Well I finally had enough of this hot weather and lousy AC in the house so I figured I would check the air coil to see if it was dirty. Having pulled the cover off it was clean but I believe the A-coil is installed backwards (this is a newer house) I have a 3 ton Lennox with the air handler in the attic , the handler installed horizontally. Anyway the air flow is like this ......
air flow-------------> < A-coil like this(closed end getting air pushed through it
shouldn't it be 
air flow ------------------> >coil(open "/\" end recieving the air flow


----------



## HVAC Doc (Apr 1, 2004)

Depending on the model number, a couple of coils can be mounted that direction. Also not uncommon when you have a Carrier/Bryant or Rheem/Ruud/Weatherking with a N coil as one part of the N would be pointed into the airflow.
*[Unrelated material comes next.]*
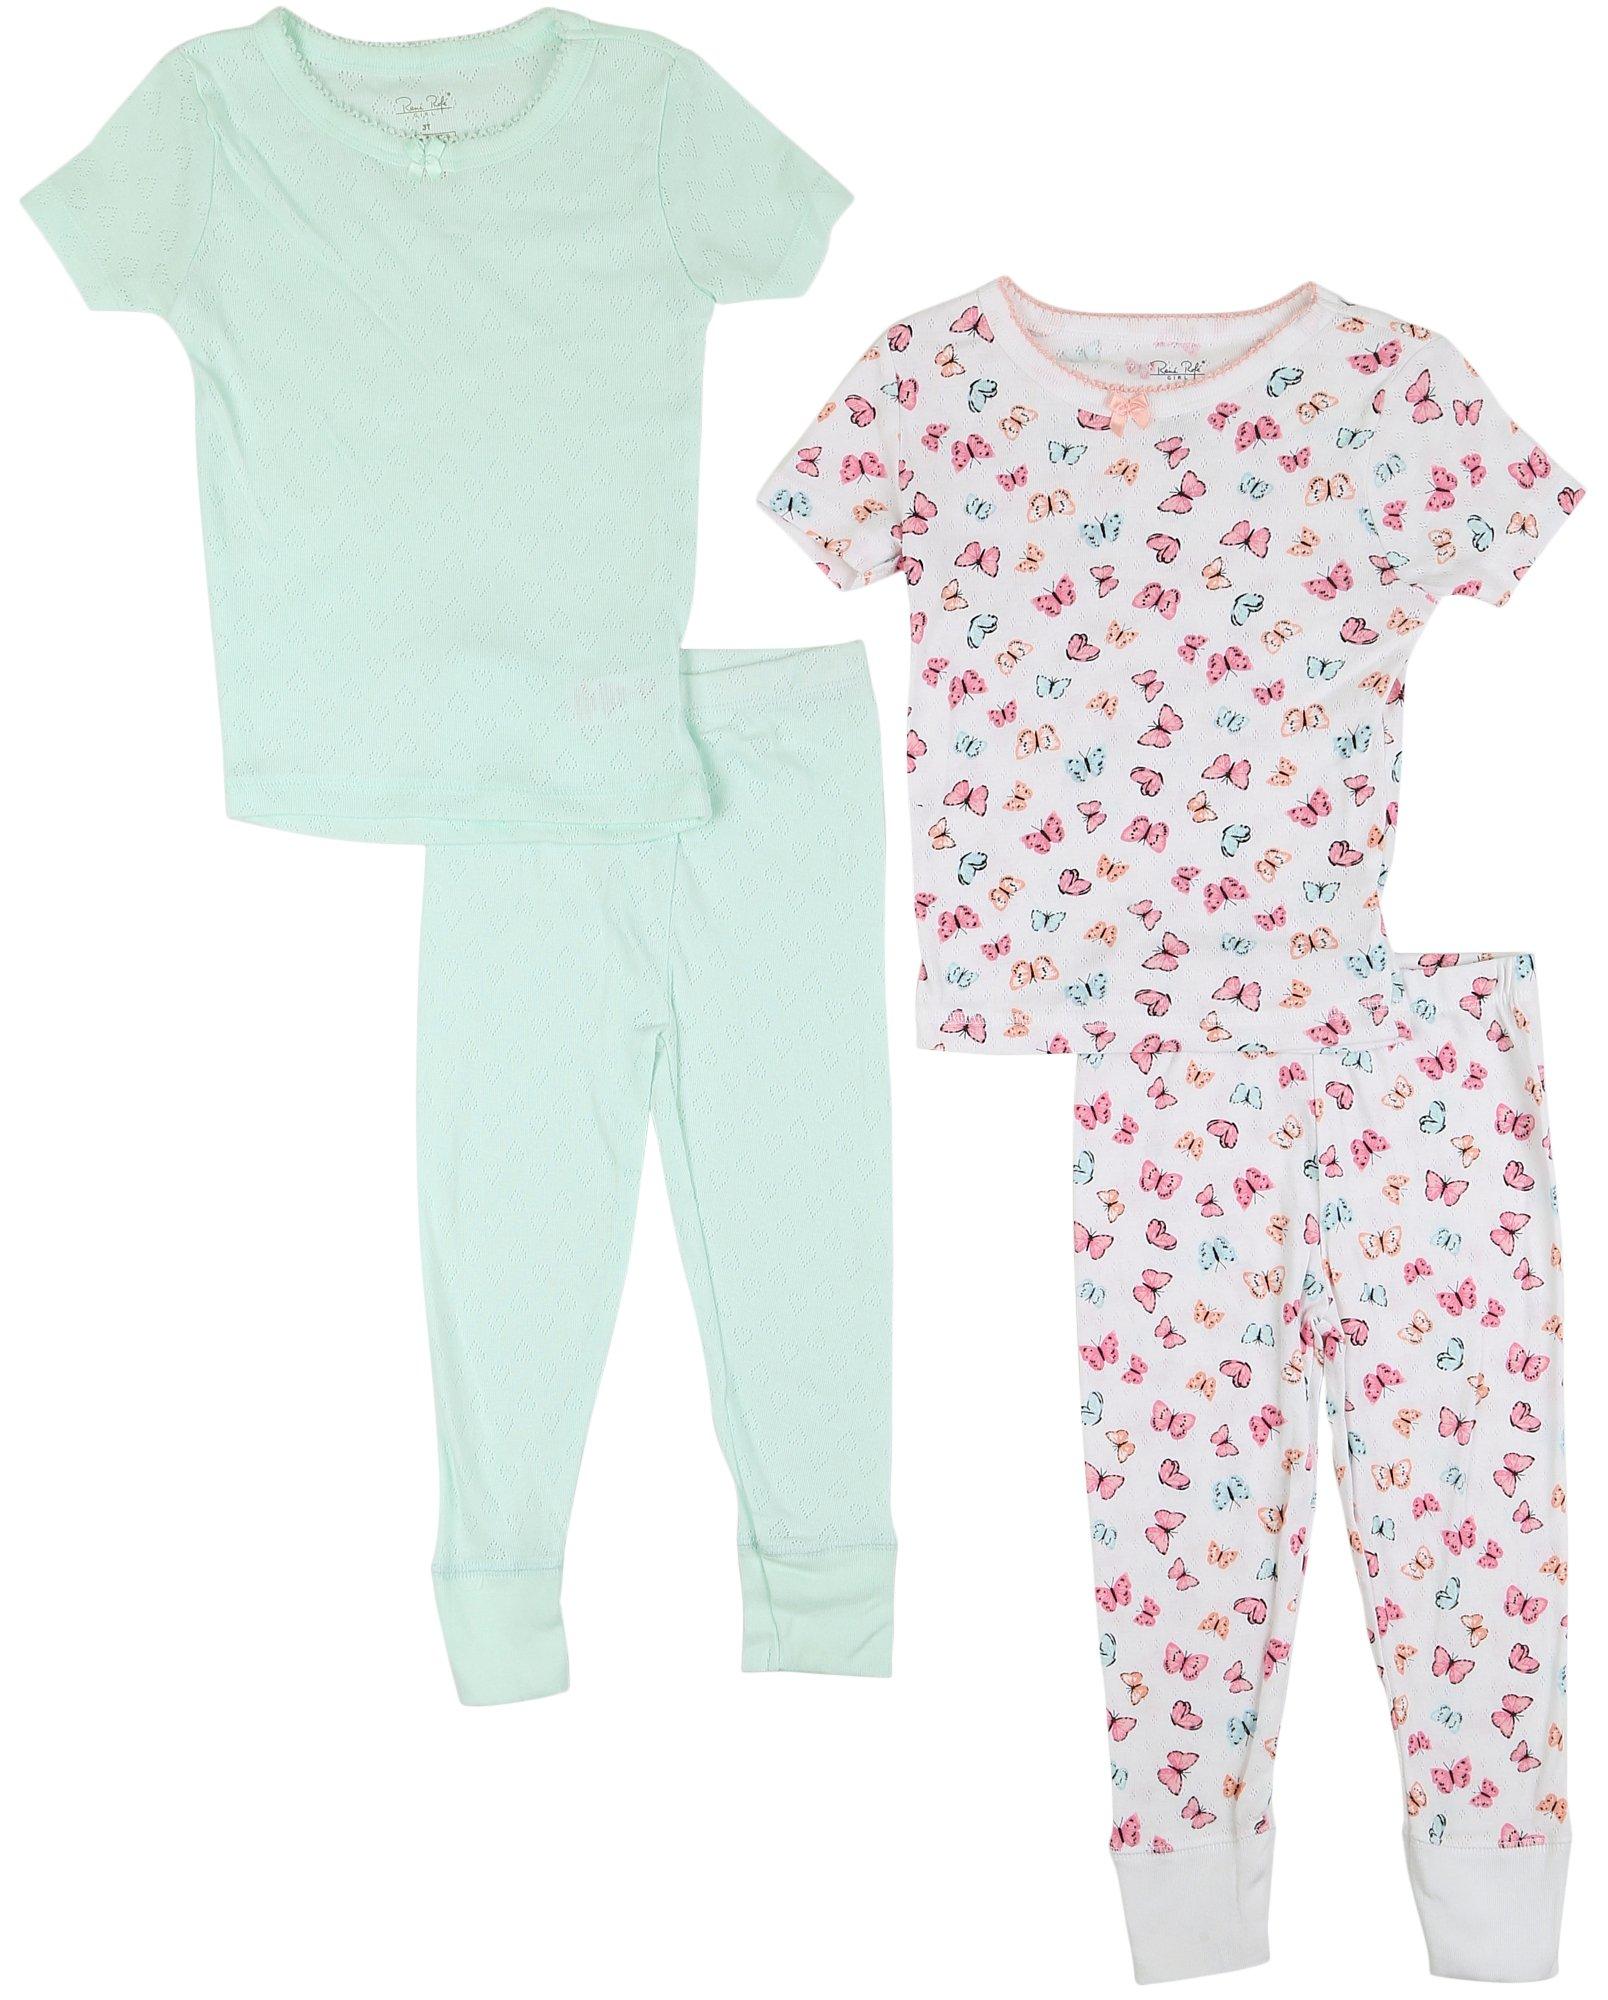 Toddler Girls 4-pc. Butterfly/Solid Tops/Pants Set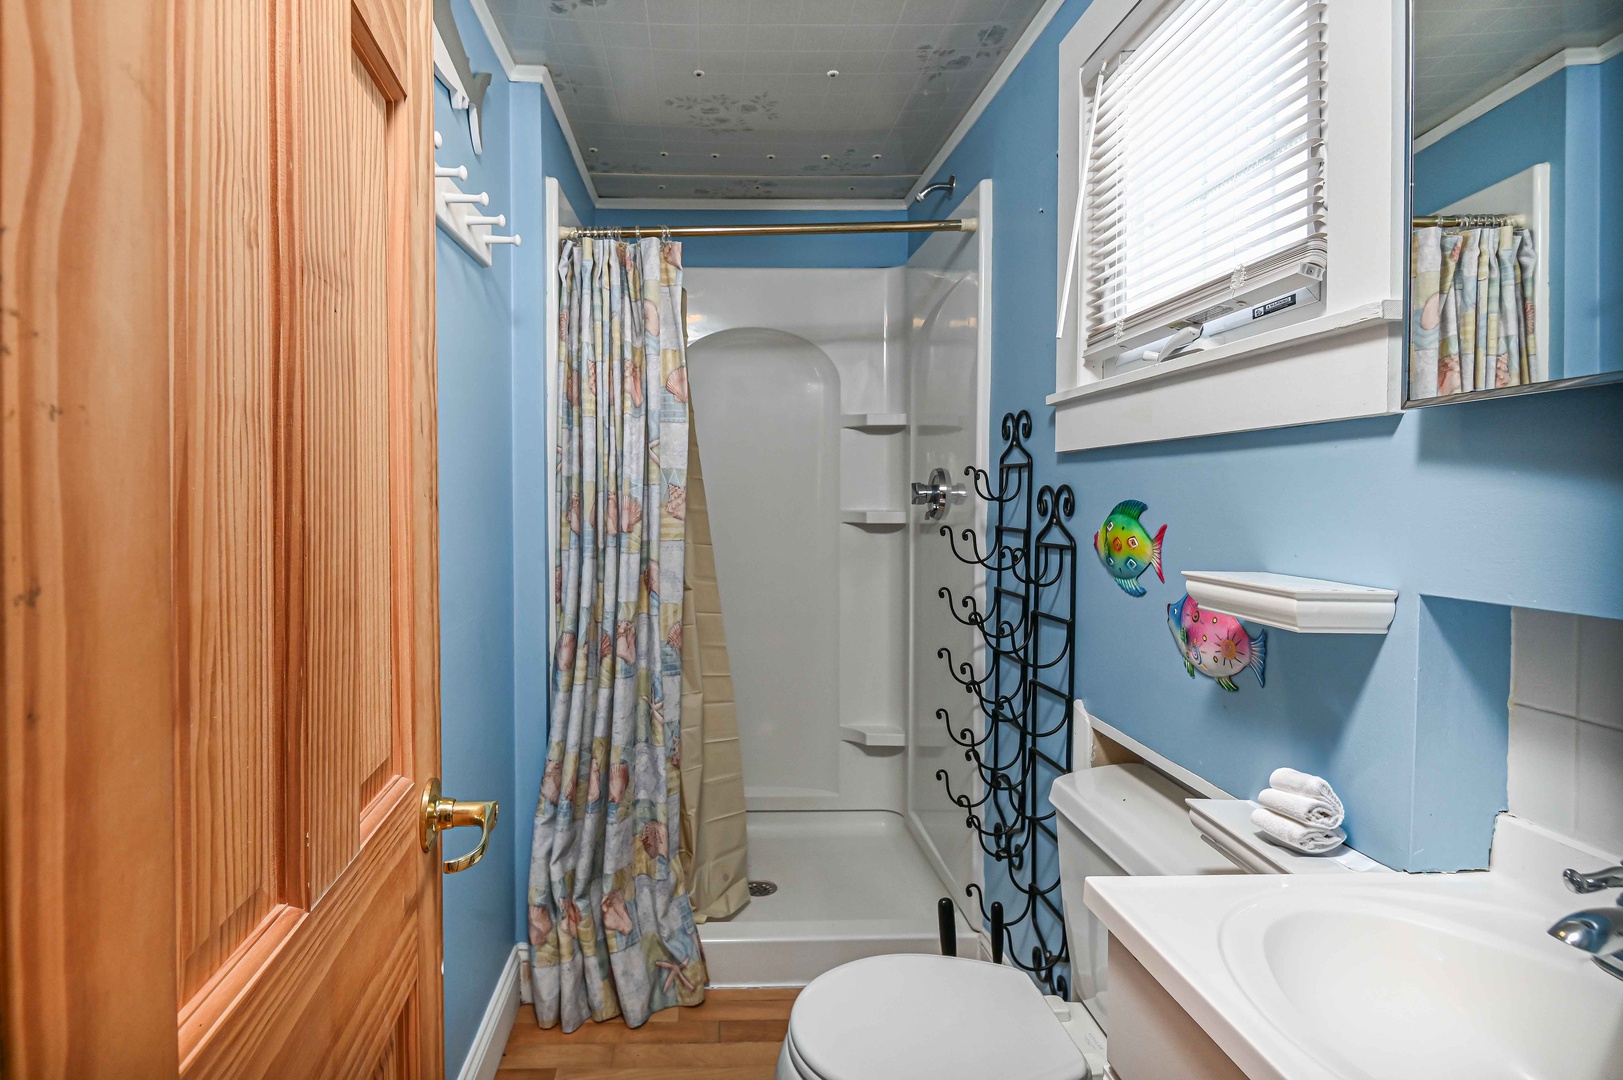 The full bathroom includes a single vanity & walk-in shower

What does your air filter look like? Did you check the other side of the "A" to make sure it was clean? Sometimes those arrows can be deceiving as well when a cabinet is flipped one direction or another. What is the temperature drop across the coil (air into coil vs. temp of air out)?


----------



## CynicX (Jun 6, 2004)

easy way to tell with a lennox coil is the drain pan....although horizontal you can install it backward, vertical cant obviously because of the drainpan....on a horizontal lennox there will be four sets of drains....2 on the bottom 1 is reg drain 1 is emergency drain....and 2 on the side for horizontal mounting like yours.....in your case i'm assuming you have a horizontal gas furnace with the coil after it.....the drain pan thats not being used (the vertical one) should be toward the furnace not the duct work.....if the coil is before the unit for some reason then the unused drain should be toward the ductwork....this way you'll know if the coil is facing the correct direction....


----------